La Passion de Jeanne d’Arc, sinemaya ilk adımını sessiz filmlere altyazı hazırlayarak atan, yönetmenlik kariyerine ise 1919 yapımı Præsidenten ile başlayan Danimarkalı usta yönetmen Carl Theodor Dreyer’in son sessiz filmidir. Ama aynı zamanda 45 yıllık yönetmenlik kariyeri boyunca çektiği 14 filmden, her biri kendi ait olduğu on yıllık dönemin en iyileri arasında gösterilen beş büyük başyapıtın da ilkidir. Takipçileri ise, Vampyr – Der Traum des Allan Grey, Vredens Dag, Ordet ve Gertrud’tur.
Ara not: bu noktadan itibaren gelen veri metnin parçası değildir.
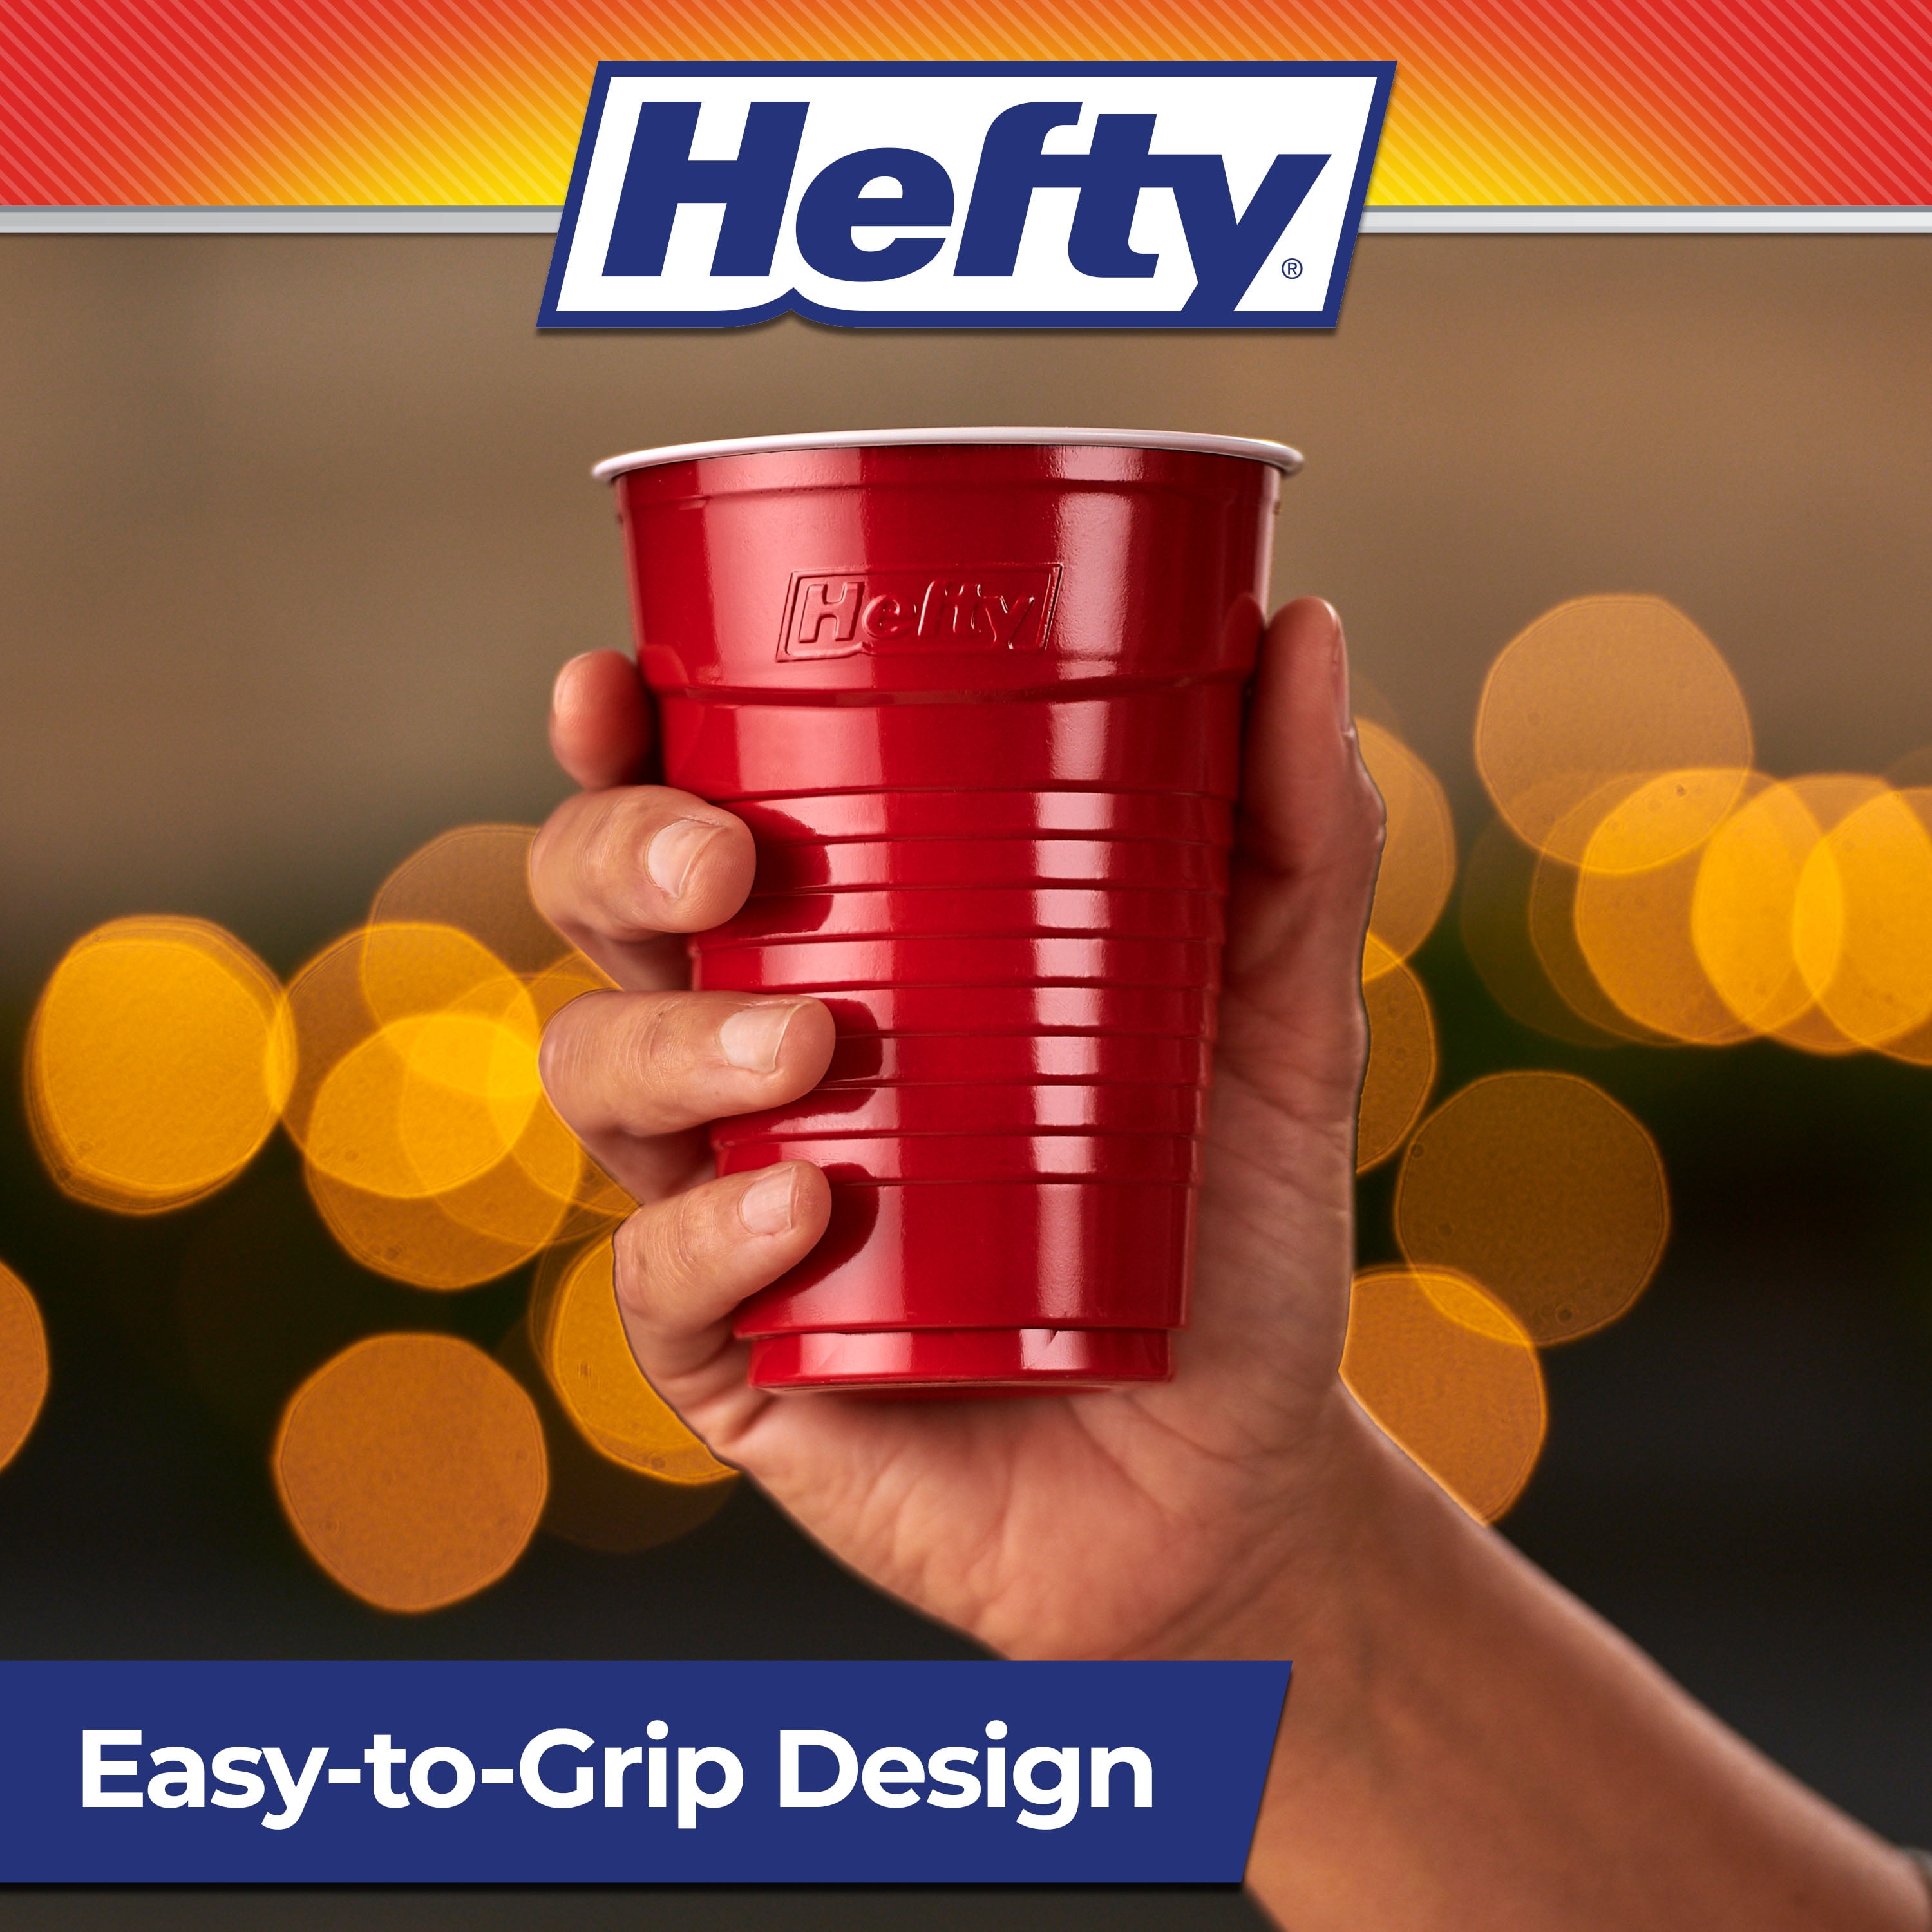 Hefty TKctPv Plastic Party Cups, Assorted Colors, 16 Ounce, 100 Count

Tanrı tarafından, işgal altındaki Fransa’yı İngilizlerden kurtarmakla görevlendirildiğine inanan ancak İngilizlere karşı kazandığı parlak zaferlerin ardından, kaybedilen bir savaş sonrası esir düşerek, İngiliz işgali altındaki Rouen’de Ortodoks teologlar ve yargıçlar tarafından heretiklik suçlaması ile yargılanan Jeanne d’Arc’ın, idamla sonuçlanan davasının öyküsü, dini temaları filmlerinde sıkça kullanan Dreyer’in elinde sessiz sinema döneminin en muhteşem esererinden biri haline gelir.
Filmde, inançları uğruna diri diri yakılarak, idam edilmeyi göze alan Jeanne d’Arc rolünü, Dreyer’in bir bulvar komedisinde keşfettiği tiyatro oyuncusu Maria Falconetti canlandırır. Dreyer, bu kadar dramatik bir rol için bir komedi oyuncusunu tercih ederken ne düşünmüştür bilinmez. Zira onun bile Falconetti’yi baş role yerleştirirken böylesi bir performansı tasavvur etmiş olması beklenemez. Ancak Maria Falconetti, bugün hâlâ tüm zamanların en etkileyici oyunculuk performansları arasında gösterilen Jeanne d’Arc yorumunun ardından başka hiçbir filmde rol almaz ve tiyatro oyunculuğuna geri döner. Böylece La Passion de Jeanne d’Arc, gelecek kuşakların bu olağanüstü oyuncuyu doya doya seyredebilecekleri tek film olarak kalır.
Dreyer’in kamerası ise film boyunca, tüm insani duyguları yüzünde yansıtmayı başaran Falconetti’nin eşsiz oyunculuğunun tadını çıkarır. Son derece ayrıntılı ve yakın plan çekimlerden oluşan filmin ardından, Dreyer bu tercihini şu sözlerle açıklayacaktır: “İnsan yüzü benim için çok önemlidir. Bu, araştırılması bitmez bir alandır. Bir stüdyoya kapanarak, esinin esrarlı gücüyle aydınlanan bir yüzü kaydetmek, onun, içten gelen bir değişimle şiire dönüştüğünü görmek kadar soylu bir deney olamaz.”
Ölümünden 25 yıl sonra Papa’nın emriyle kurulan bir mahkeme tarafından suçsuz olduğu kabul edilen, ölümünden neredeyse 500 yıl sonra, 1920 yılında ise aziz ilan edilen Jeanne d’Arc’ın, resmî dava tutanaklarına dayanılarak çekilen La Passion de Jeanne d’Arc, zamanında gişede başarısız olmasına rağmen yıllar içinde sinema tarihinin en önemli klasikleri arasındaki yerini alır. Sonraki yıllarda, bu trajik hikaye, Robert Bresson ve Luc Besson gibi yönetmenlerin bakış açılarıyla yeniden yorumlansa da, Carl Dreyer’in bu sessiz sinema şaheseri her zaman için, beyazperdeye yansıyan tüm Jeanne d’Arc uyarlamalarının en etkileyicisi olarak anılmıştır.